DIRECTIONS FOR THIS TASK: For the records below, output word for word the lines from the one with "Vocabulary Improvement Strategies" up to and including the one with "Hillsborough County Fire". No pictures.

TASK DATA:
════════

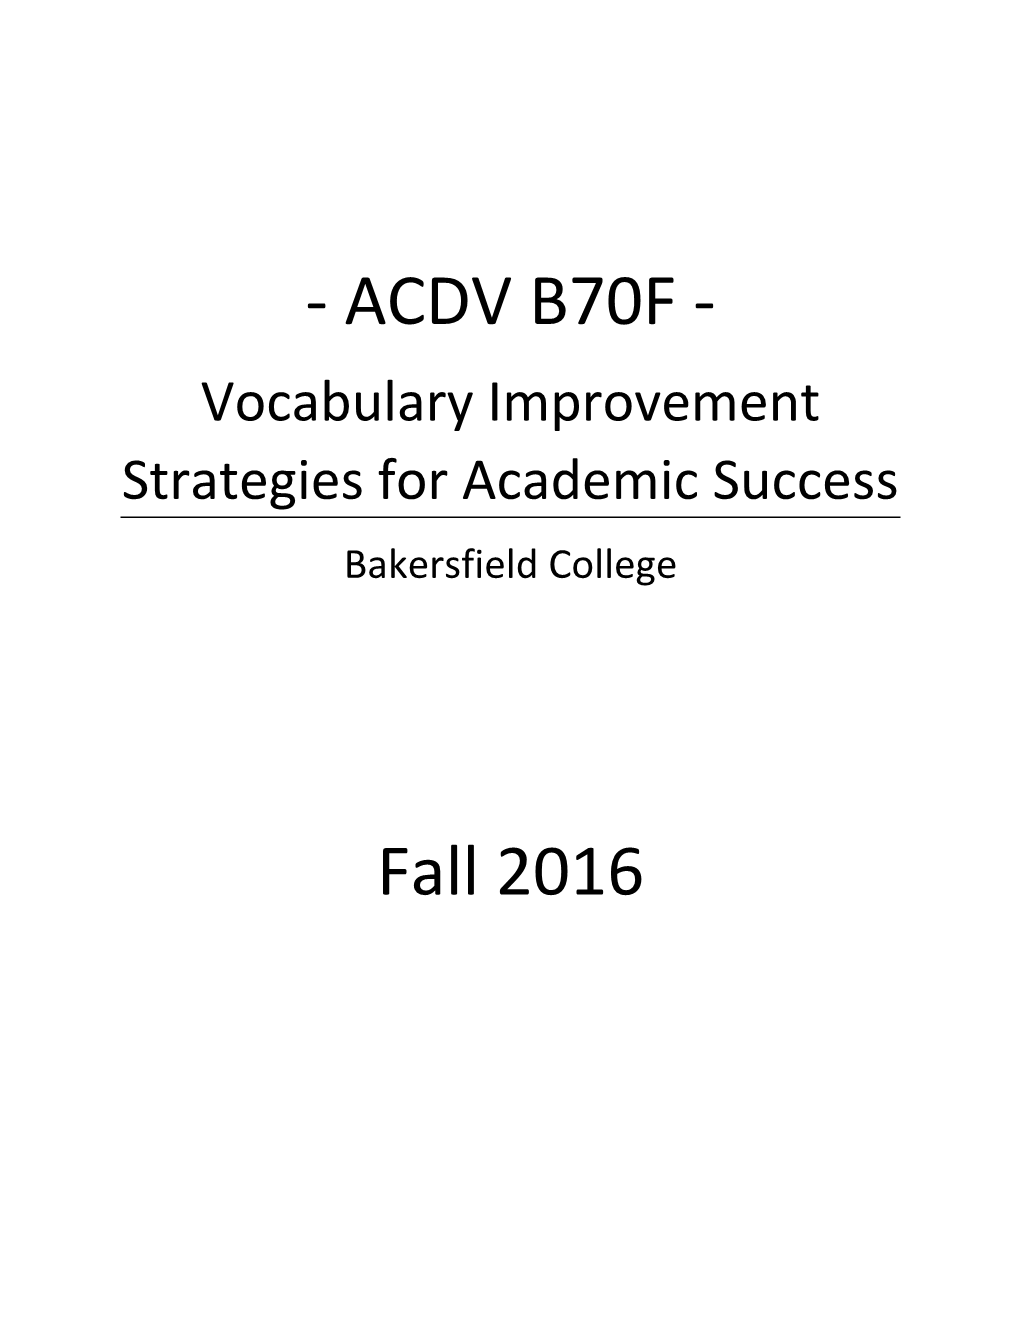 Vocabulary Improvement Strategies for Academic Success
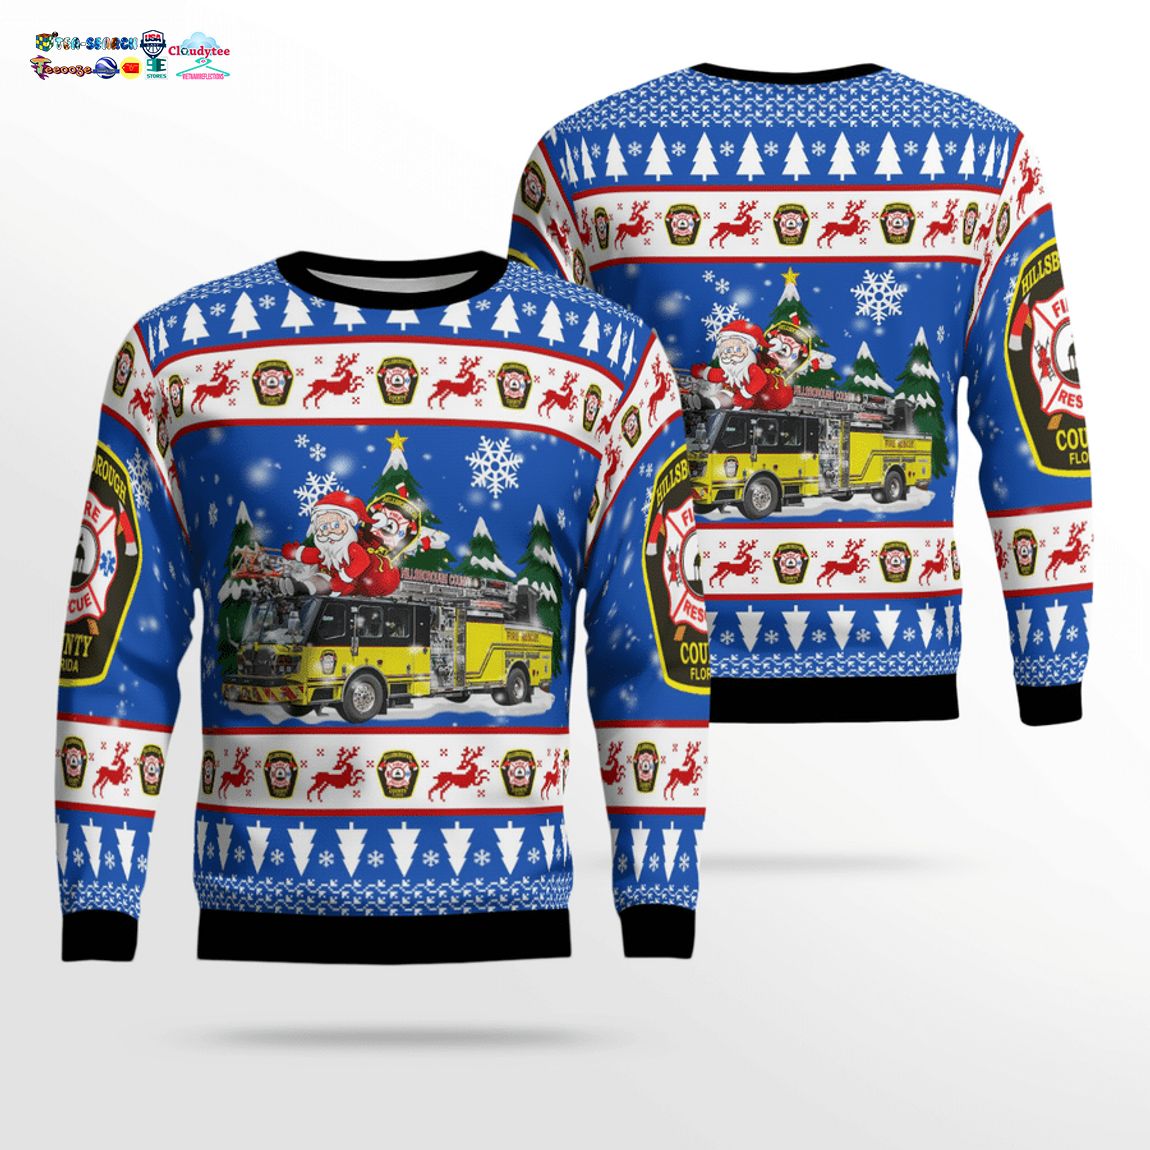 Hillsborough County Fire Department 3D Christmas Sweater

════════

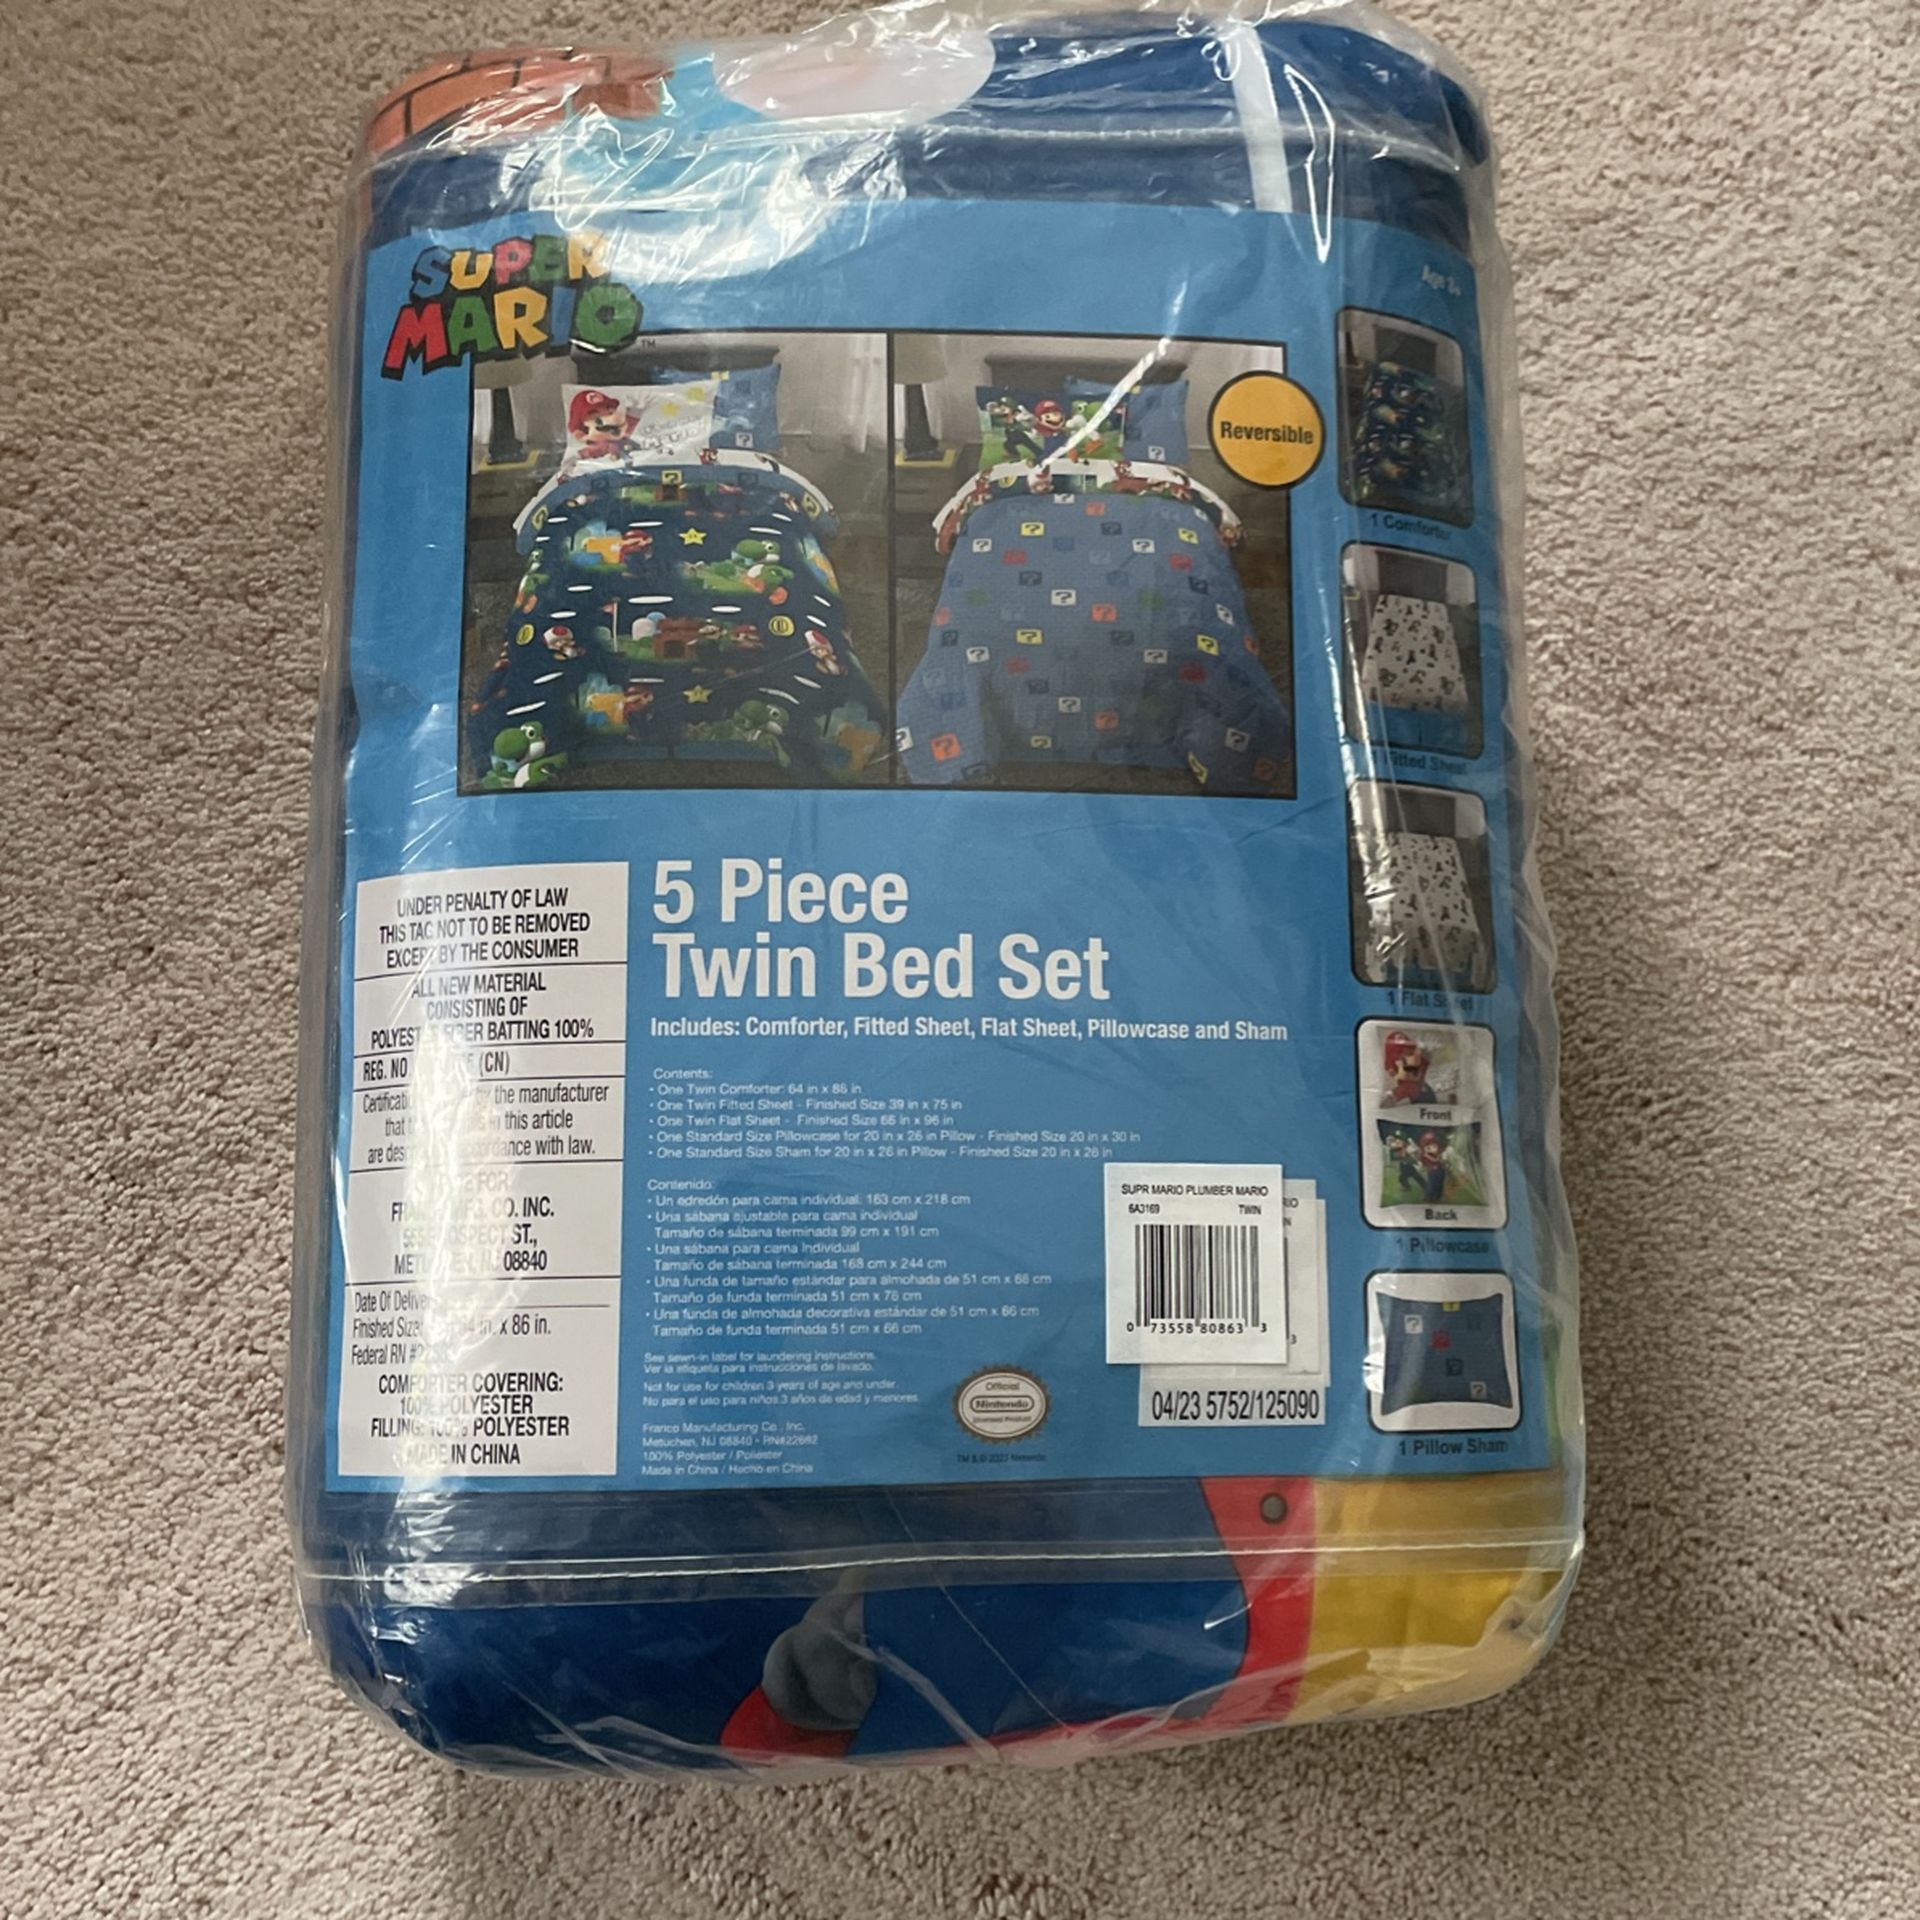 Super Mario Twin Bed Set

════════

EXERCISE SOLUTION:
 Vocabulary Improvement Strategies for Academic Success
 Hillsborough County Fire Department 3D Christmas Sweater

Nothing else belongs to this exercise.